Despite OpenAI’s effort to address concerns around academic cheating, ChatGPT itself will help you get around the company’s new AI detection technology.
When OpenAI announced its new AI-detection tool Tuesday, the company suggested that it could help deter academic cheating by using its own wildly popular AI chatbot, ChatGPT.
The OpenAI tool struggled to identify text generated by ChatGPT. It especially struggled when ChatGPT was asked to write in a way that would avoid AI detection.

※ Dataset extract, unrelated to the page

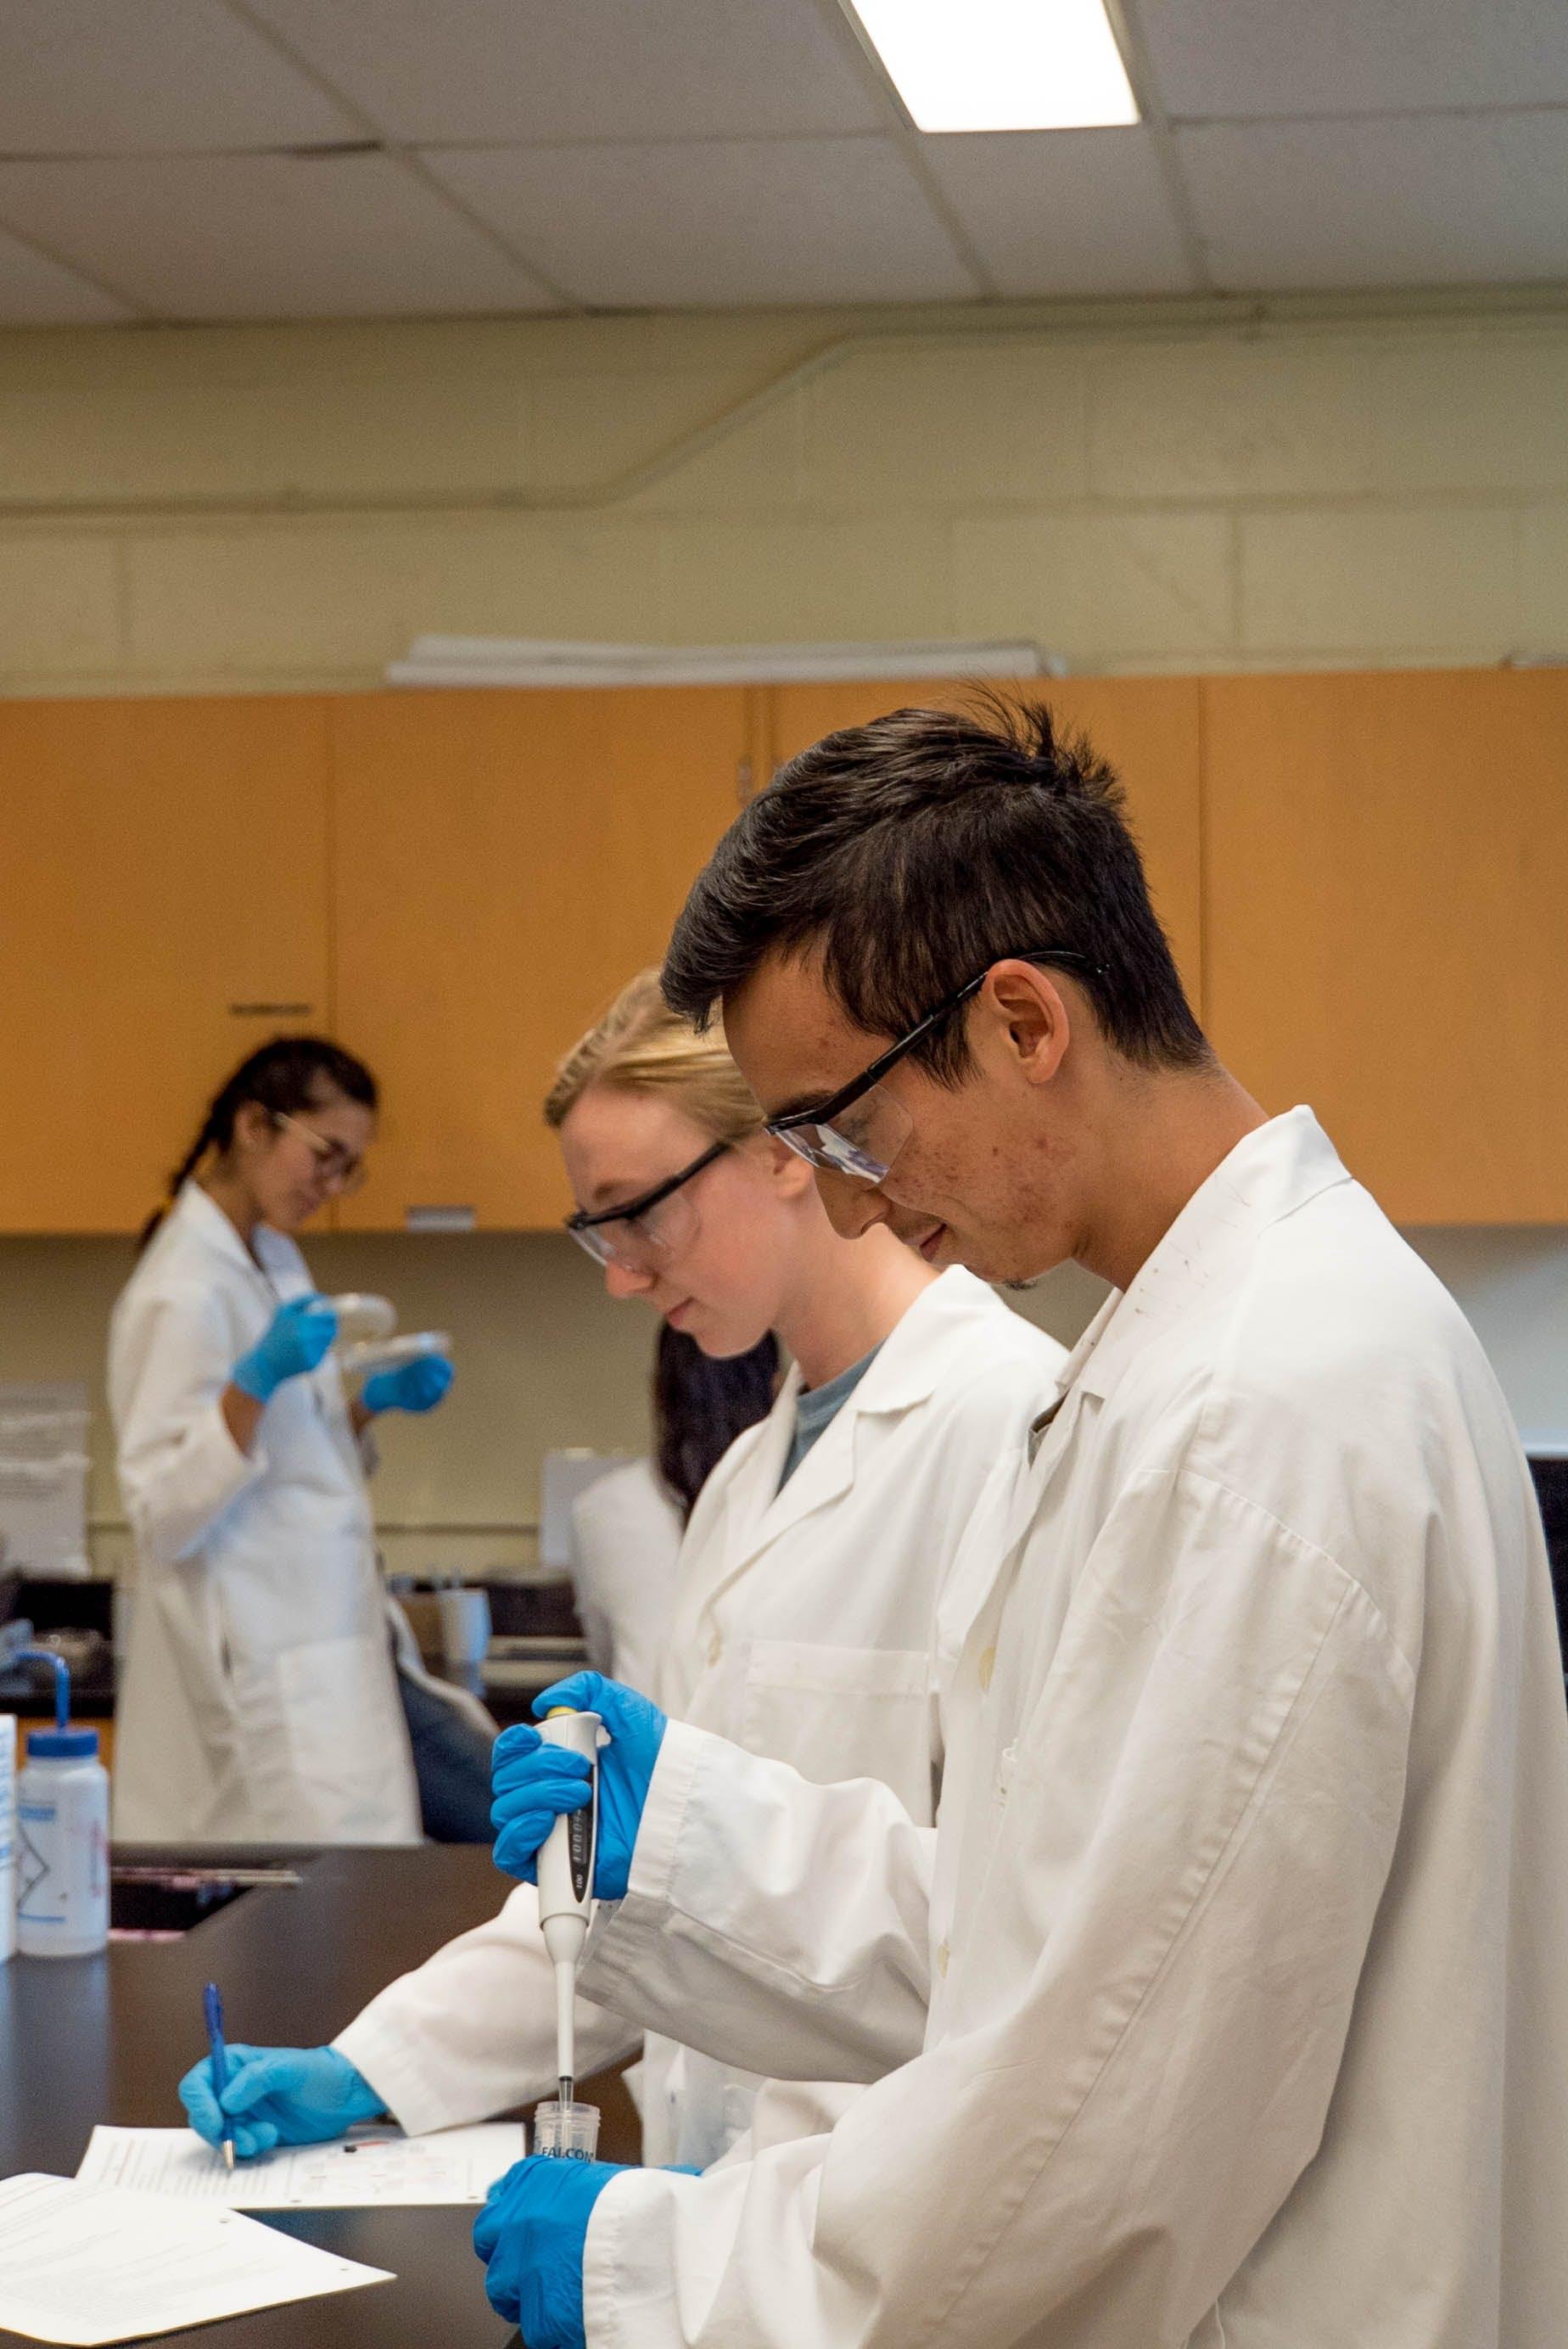 scientist doing science lab coat gloves beaker data

The detection tool, which OpenAI calls its AI Text Classifier, analyzes texts and then gives it one of five grades: “very unlikely, unlikely, unclear if it is, possibly, or likely AI-generated.” The company said the tool would provide a “likely AI-generated” grade to AI-written text 26% of the time.

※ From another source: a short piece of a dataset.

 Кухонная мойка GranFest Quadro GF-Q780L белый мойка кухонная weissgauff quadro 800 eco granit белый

The tool arrives as the sudden popularity of ChatGPT has brought fresh attention to the issue of how advanced text generation tools can pose a problem for educators. Some teachers said the detector’s hit-or-miss accuracy and lack of certainty could create difficulties when approaching students about possible academic dishonesty.
“It could give me sort of degrees of certainty, and I like that,” Brett Vogelsinger, a ninth grade English teacher at Holicong Middle School in Doylestown, Pennsylvania, said. “But then I’m also trying to picture myself coming to a student with a conversation about that.”
Vogelsinger said he had difficulty envisioning himself confronting a student if a tool told him something had likely been generated by AI.
“It’s more suspicion than it is certainty even with the tool,” he said.
Ian Miers, an assistant professor of computer science at the University of Maryland, called the AI Text Classifier “a sort of black box that nobody in the disciplinary process entirely understands.” He expressed concern over the use of the tool to catch cheating and cautioned educators to consider the program’s accuracy and false positive rate.
“It can’t give you evidence. You can’t cross examine it,” Miers said. “And so it’s not clear how you’re supposed to evaluate that.”
ChatGPT’s responses to the questions were then run through OpenAI’s new AI detection tool.
In the tests, none of the responses created by ChatGPT when instructed to avoid AI detection were graded as “likely AI-generated.” Some of that text was highly stylized, suggesting that AI had processed the request to attempt to evade AI detection, and the students could potentially ask the same of ChatGPT when cheating.
When asked about the chat platform Discord, for example, ChatGPT returned text with words cut short, as if they were spoken in colloquial English. The adjustment in language style was a departure from responses normally returned by the AI tool, suggesting that it was attempting to adjust the responses to address the request that it avoid AI detection.
ChatGPT did not produce such stylized text without prompts for it to evade detection.
“Discord is a chattin’ platform that’s quite the talk of the town these days. It’s like a blend of instant messagin’, voice calls, and forum-style discussions all in one,” ChatGPT wrote.
OpenAI’s detection said it was “unclear” if the text was AI-generated.
It did appear that OpenAI had made some efforts to guard against users who ask it to track detection efforts.
“I’m sorry, but it’s not ethical to engage in deceptive practices or create false information, even if it’s to avoid AI detection,” ChatGPT wrote in response to a question that asked the AI to avoid AI detection.
For teachers, the test is yet another example of how students and technology might evolve as new cheating detection is deployed.
“The way that the AI writing tool gets better is it gets more human — it just sounds more human — and I think it’s going to figure that out, how to sound more and more human,” said Todd Finley, an associate professor of English education at East Carolina University in North Carolina. “And it seems to be that that’s also going to make it more difficult to spot, I think even for a tool.”
For now, educators said they would rely on a combination of their own instincts and detection tools if they suspect a student is not being honest about a piece of writing.
“We can’t see them as a fix that you just pay for and then you’re done,” Anna Mills, writing instructor at the College of Marin in California, said of detector tools. “I think we need to develop a comprehensive policy and vision that’s much more informed by an understanding of the limits of those tools and the nature of the AI.”